# DATASET RECORDS:
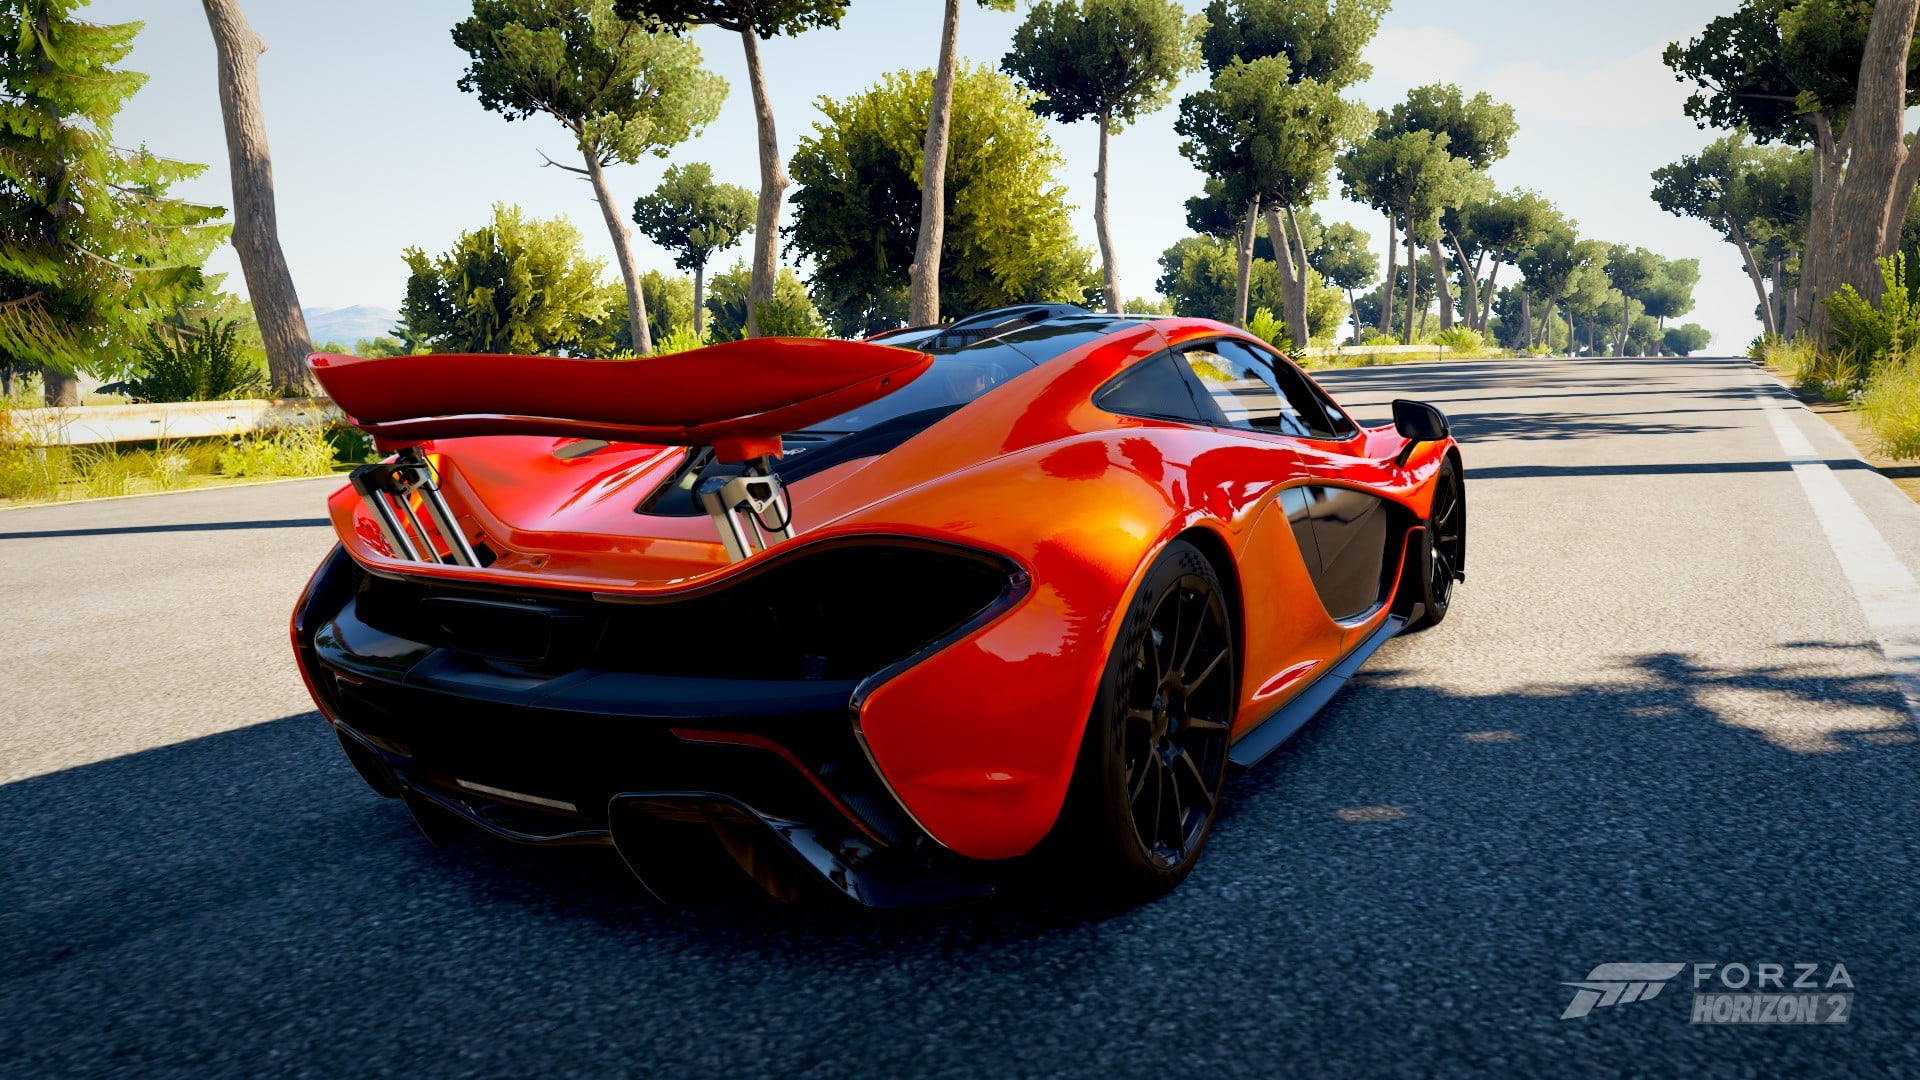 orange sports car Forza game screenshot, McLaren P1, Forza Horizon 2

...

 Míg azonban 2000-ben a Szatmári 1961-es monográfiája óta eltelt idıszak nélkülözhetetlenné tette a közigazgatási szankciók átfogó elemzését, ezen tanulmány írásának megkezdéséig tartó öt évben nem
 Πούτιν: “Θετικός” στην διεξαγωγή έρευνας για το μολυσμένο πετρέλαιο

...

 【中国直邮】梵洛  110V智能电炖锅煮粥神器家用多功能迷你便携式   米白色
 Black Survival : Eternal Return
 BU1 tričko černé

# WHAT YOU NEED TO DO:
Among the entries above, copy exactly only the lines starting with the one containing "Míg azonban 2000-ben" and going through the one containing "το μολυσμένο πετρέλαιο", both ends included.

# RESPONSE:
 Míg azonban 2000-ben a Szatmári 1961-es monográfiája óta eltelt idıszak nélkülözhetetlenné tette a közigazgatási szankciók átfogó elemzését, ezen tanulmány írásának megkezdéséig tartó öt évben nem
 Πούτιν: “Θετικός” στην διεξαγωγή έρευνας για το μολυσμένο πετρέλαιο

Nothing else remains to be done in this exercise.